Attempts to correlate blood levels of brain-derived neurotrophic factor (BDNF) with post-traumatic stress disorder (PTSD) have provided conflicting results. Some studies found a positive association between BDNF and PTSD diagnosis and symptom severity, while others found the association to be negative. The present study investigated whether serum levels of BDNF are different cross-sectionally between combat trauma-exposed veterans with and without PTSD, as well as whether longitudinal changes in serum BDNF differ as a function of PTSD diagnosis over time. We analyzed data of 270 combat trauma-exposed veterans (230 males, 40 females, average age: 33.29 ± 8.28 years) and found that, at the initial cross-sectional assessment (T0), which averaged 6 years after the initial exposure to combat trauma (SD=2.83 years), the PTSD positive group had significantly higher serum BDNF levels than the PTSD negative controls [31.03 vs. 26.95 ng/mL, t(268) = 3.921, p < 0.001]. This difference remained significant after excluding individuals with comorbid major depressive disorder, antidepressant users and controlling for age, gender, race, BMI, and time since trauma. Fifty-nine of the male veterans who participated at the first timepoint (T0) were re-assessed at follow-up evaluation (T1), approximately 3 years (SD=0.88 years) after T0. A one-way ANOVA comparing PTSD positive, "subthreshold PTSD" and control groups revealed that serum BDNF remained significantly higher in the PTSD positive group than the control group at T1 [30.05 vs 24.66 ng/mL, F(2, 56)= 3.420, p = 0.040]. Serum BDNF levels did not correlate with PTSD symptom severity at either time point within the PTSD group [r(128) = 0.062, p = 0.481 and r(28) = 0.157, p = 0.407]. Serum BDNF did not significantly change over time within subjects [t(56) = 1.269, p = 0.210] nor did the change of serum BDNF from T0 to T1 correlate with change in PTSD symptom severity within those who were diagnosed with PTSD at T0 [r(27) = -0.250, p = 0.192]. Our longitudinal data are the first to be reported in combat PTSD and suggest that higher serum BDNF levels may be a stable biological characteristic of chronic combat PTSD independent of symptom severity.
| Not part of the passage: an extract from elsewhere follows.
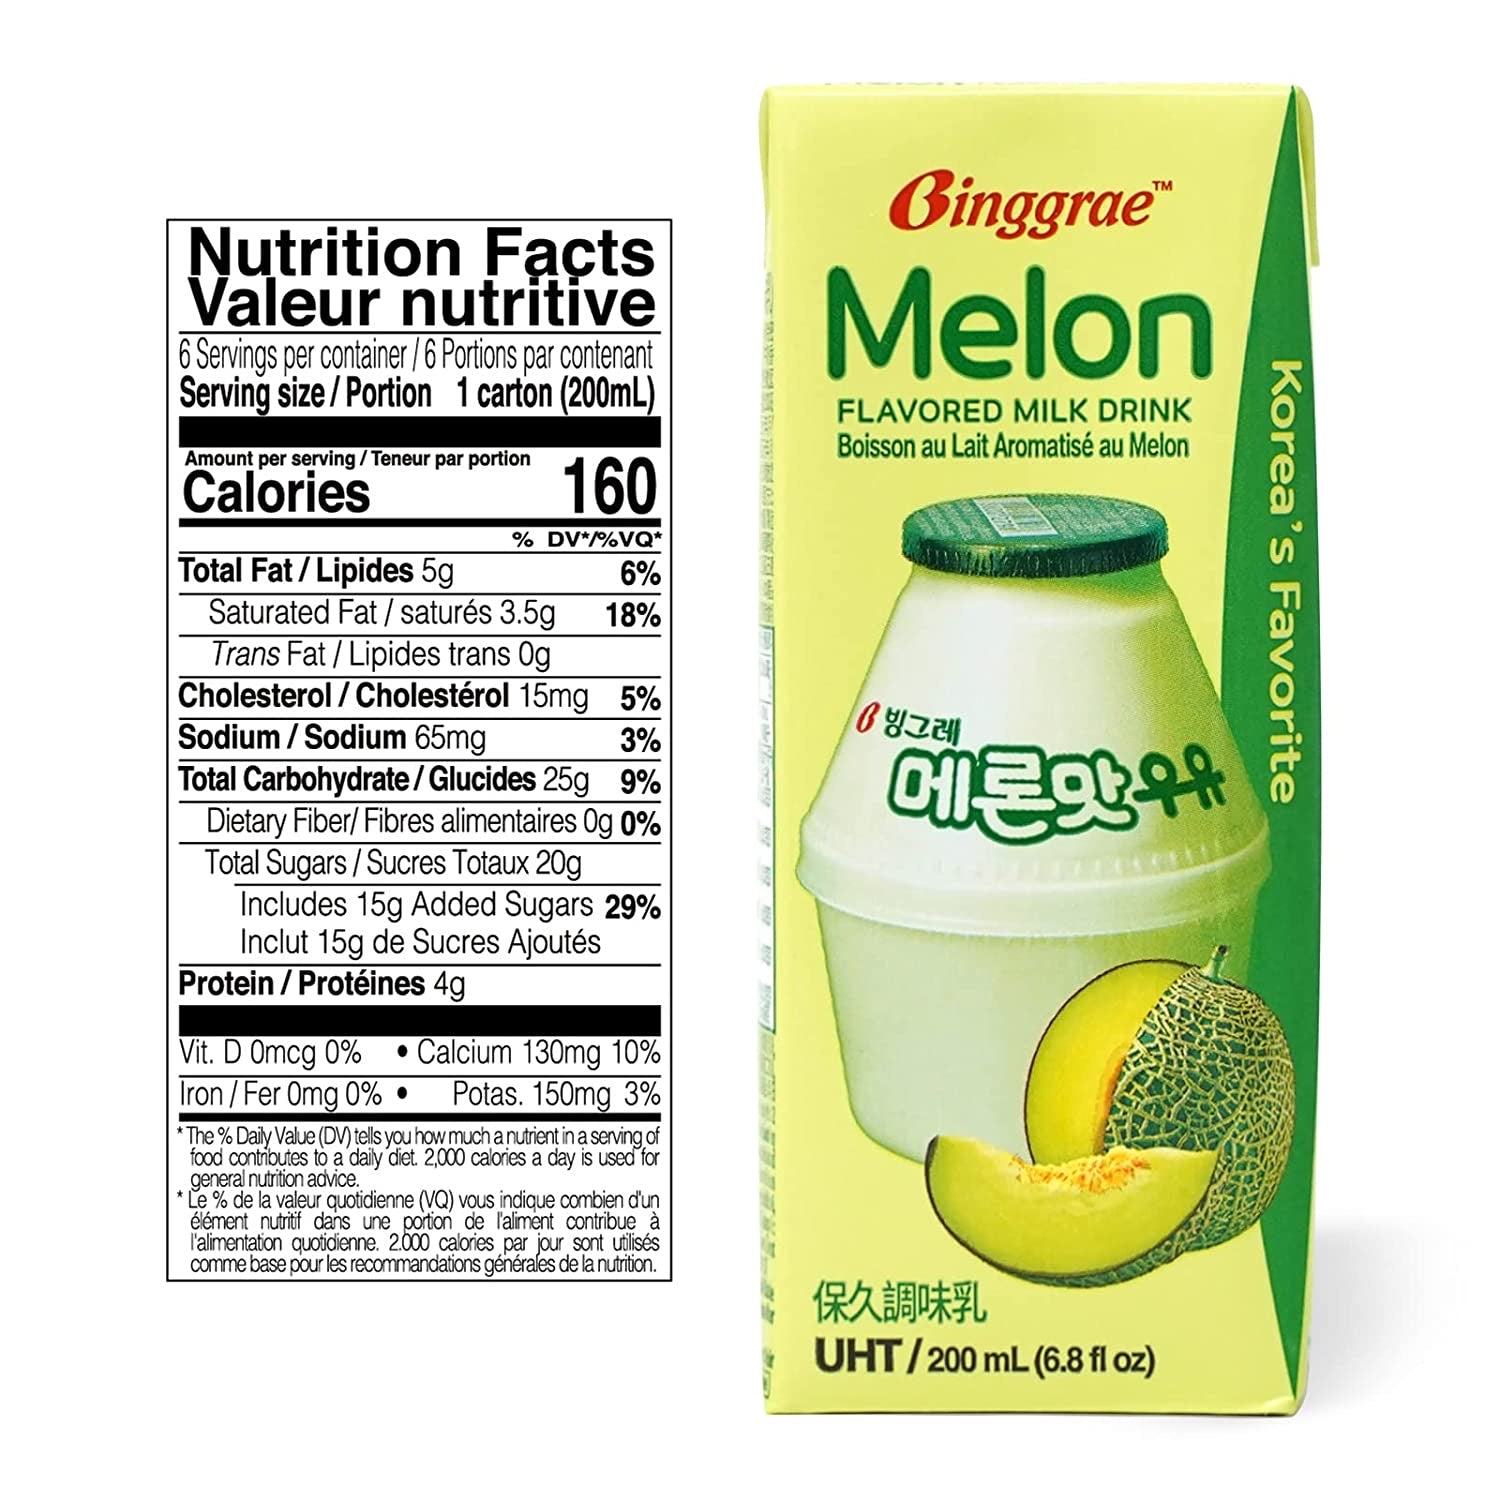 Binggrae Melon Flavored Milk - 6 Pack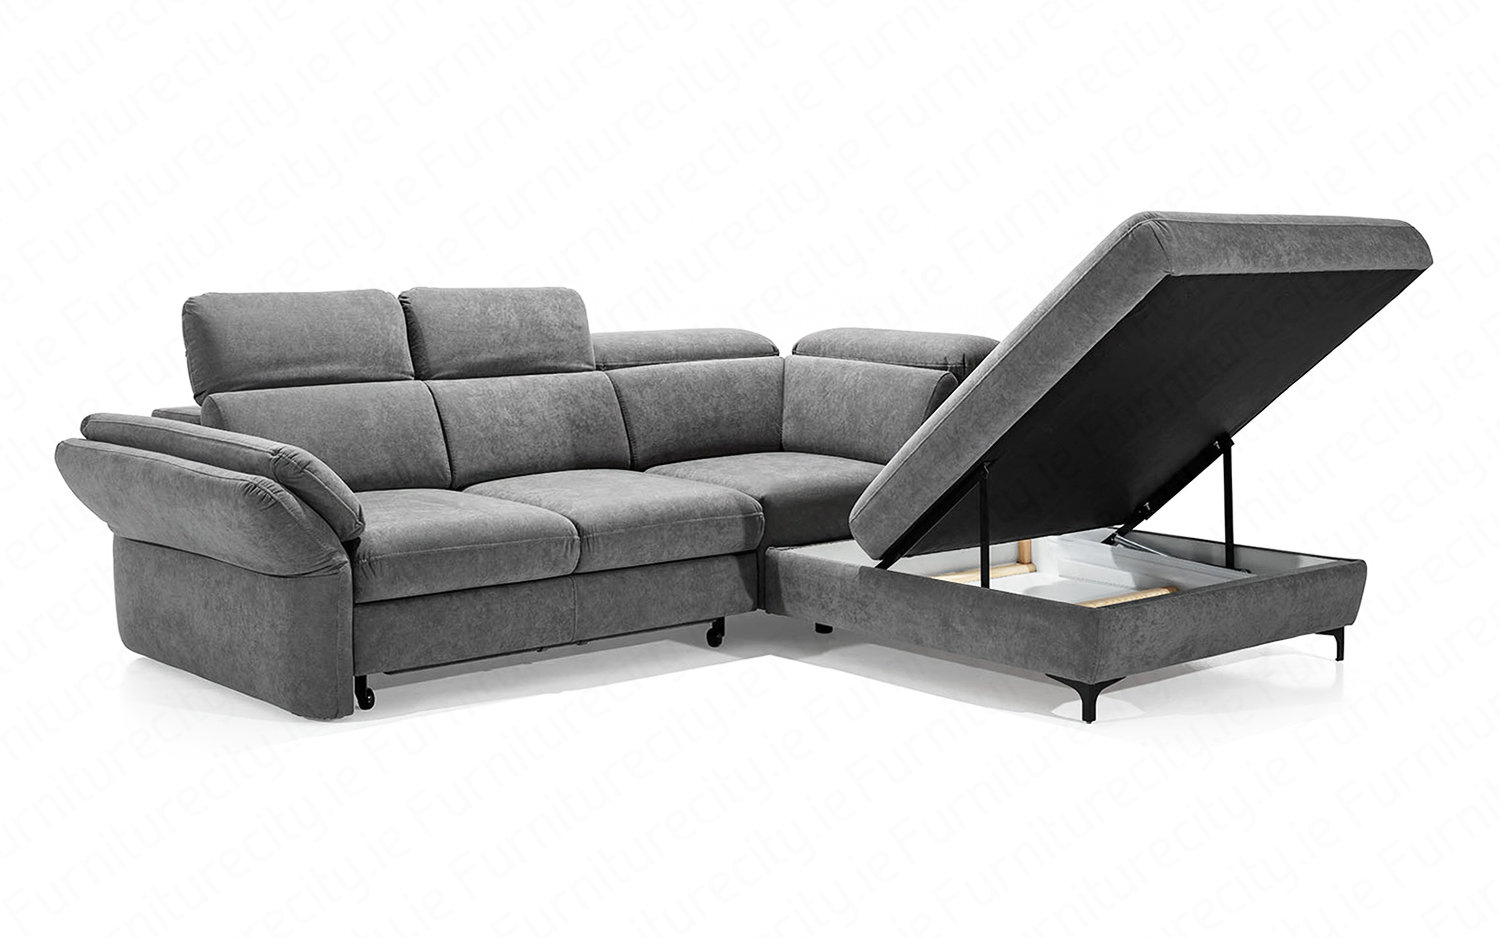 Sofa bed SERANO OPEN by Furniturecity.ie

试图将脑源性神经营养因子(BDNF)的血液水平与创伤后应激障碍(PTSD)相关联的研究得出了相互矛盾的结果。一些研究发现BDNF与PTSD诊断及症状严重程度之间存在正相关,而另一些研究则发现这种关联是负相关。本研究调查了有PTSD和无PTSD的经历过战斗创伤的退伍军人之间,血清BDNF水平在横断面是否存在差异,以及血清BDNF的纵向变化是否会随着时间因PTSD诊断而有所不同。我们分析了270名经历过战斗创伤的退伍军人(230名男性,40名女性,平均年龄:33.29±8.28岁)的数据,发现在初次接触战斗创伤平均6年后(标准差=2.83年)的初始横断面评估(T0)时,PTSD阳性组的血清BDNF水平显著高于PTSD阴性对照组[31.03对26.95 ng/mL,t(268)=3.921,p<0.001]。在排除患有共病重度抑郁症的个体、使用抗抑郁药的个体,并对年龄、性别、种族、BMI和创伤后的时间进行控制后,这种差异仍然显著。59名首次参与(T0)的男性退伍军人在随访评估(T1)时再次接受评估,T1大约在T0后3年(标准差=0.88年)。一项比较PTSD阳性组、“亚阈值PTSD”组和对照组的单因素方差分析显示,在T1时,PTSD阳性组的血清BDNF水平仍然显著高于对照组[30.05对24.66 ng/mL,F(2, 56)=3.420,p=0.040]。在PTSD组内的两个时间点,血清BDNF水平均与PTSD症状严重程度无相关性[r(128)=0.062,p=0.481和r(28)=0.157,p=0.407]。在受试者内部,血清BDNF水平随时间没有显著变化[t(56)=1.269,p=0.210],从T0到T1的血清BDNF变化也与在T0时被诊断为PTSD的患者的PTSD症状严重程度变化无相关性[r(27)=-0.250,p=0.192]。我们的纵向数据是首次在战斗PTSD中报告的,表明较高的血清BDNF水平可能是慢性战斗PTSD的一个稳定生物学特征,与症状严重程度无关。